An important aspect on which permanent crop information is required is spatial variability at the detailed level within the lots in order to determine differential doses of inputs to be applied, to estimate yields or to perform differential management. Figure 9 shows the spatial distribution of GM calculated from reflectance measurements with the FieldSpec spectroradiometer within a maize crop,. Although at first glance in the field, it appears to be a relatively uniform crop, it presents high spatial variability associated with variations in the soil characteristics. This variation in the status of the crop affects production and can be modeled from spectral response data. In the case of Sentinel 2 images, when crops are relatively large, differences can be seen within cultivated lots; this aspect should be investigated in order to establish how much utility the images could have to evaluate spatial and temporal variability at the interior of each cultivated field.
Conclusions
Not all indexes and calculated REPs showed significant correlations with the nutrient contents; the best correlations were found for the N content when the reflectance data were transformed by calculations, the first and second derivatives and the NSV. These calculations make it possible to evidence a plant response more clearly than if untransformed reflectance data were used. For the spectral vegetation indexes, the best correlations were found in those that involved part of the red-edge spectrum in their calculation, such as GM, REM, REChI, whose coefficients were relatively high when calculated from Sentinel 2 images and also from the reflectance measured with the spectroradiometer.

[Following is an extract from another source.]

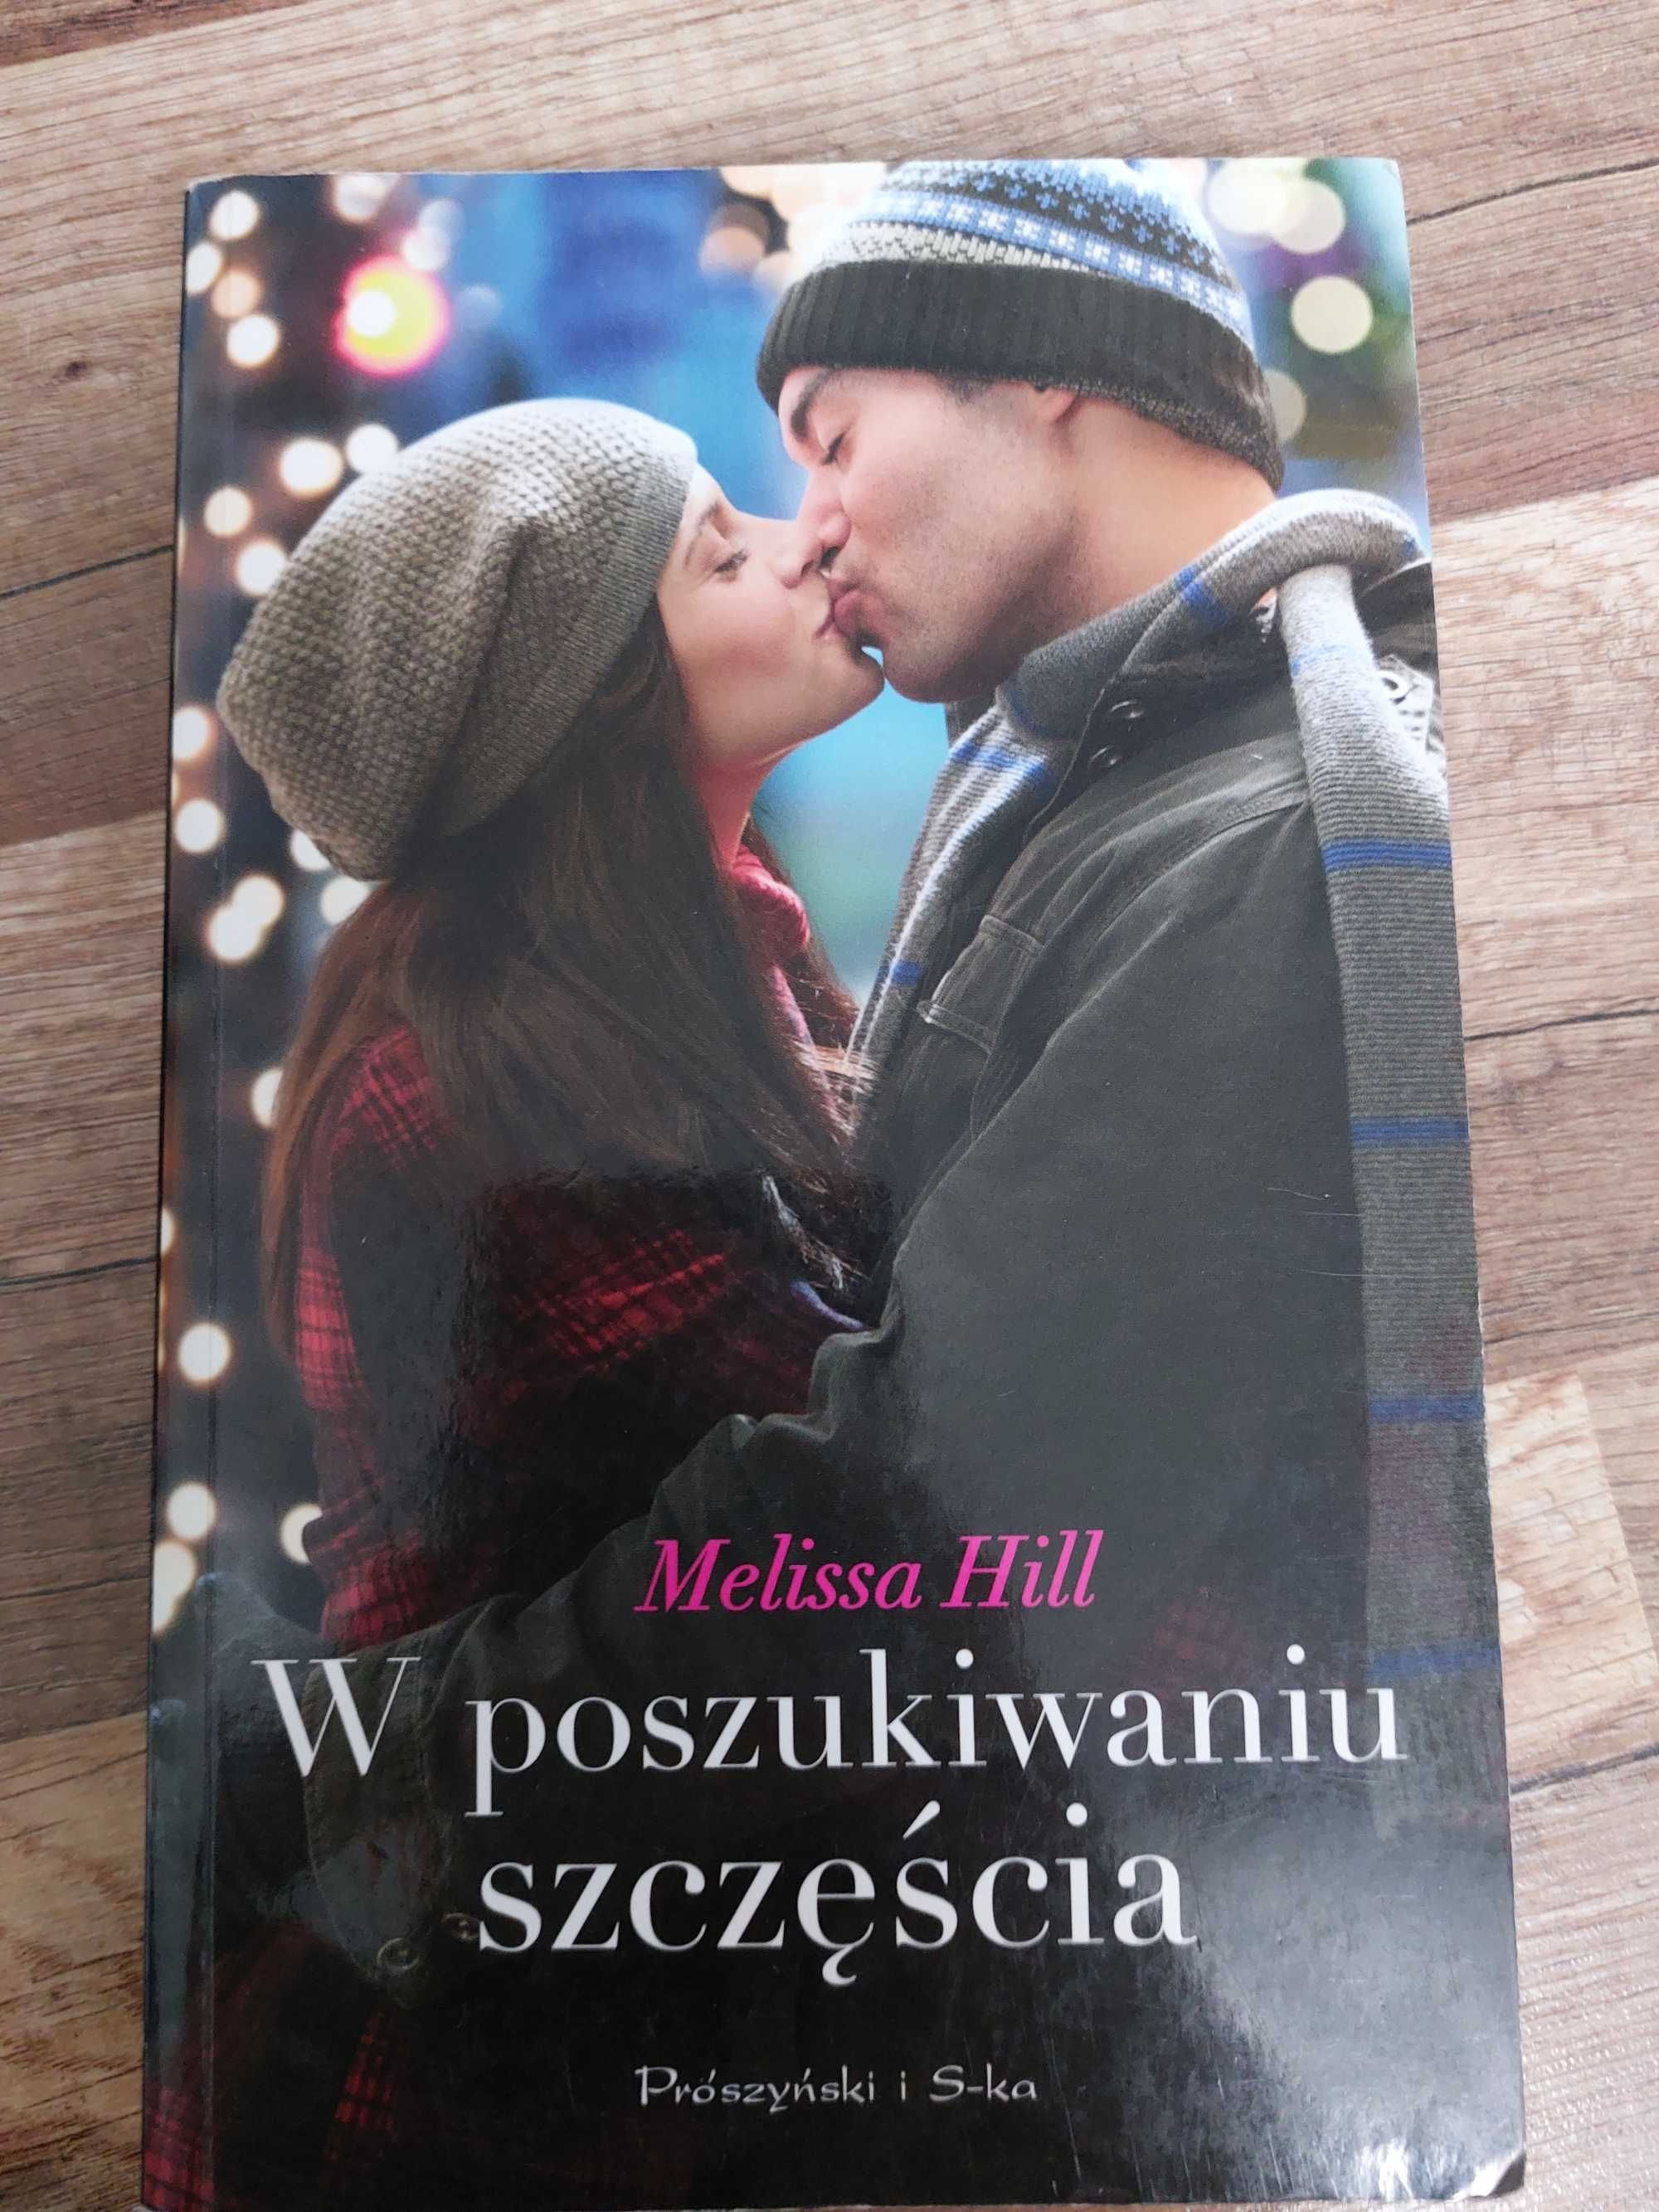 Książka  Melissa Hill W poszukiwanu szczęścia

In reference to the use of Sentinel 2 images, their good spatial, temporal and spectral resolution conferred good potential for crop information generation. An important feature of Sentinel 2 is its 10 m spatial resolution in some bands and the taking of images in various parts of the red-edge (705, 740, and 783 nm), which is where the response of plants to different conditions was found, meaning new indices can be calculated improving the quality and reliability of the results. In our climate conditions, characterized by the presence of clouds during the rainy season and most of the short-period crops (maize, soybean, rice) established, cloudy is a problem which could be improved chosing carefully the frequency which the images are going to be taken; however, it is necessary to develop other technologies based on aerial photographs from UAV or local sensors to generate more frequent information plus, reliable and detailed to support decision-making for each crop.
The results of this research showed the importance of continuing to move towards new topics to evaluate spectral responses as a result of other types of biotic and abiotic stress in plants, so that more reliable and timely information on the state of a crop can be used to make the best management decisions.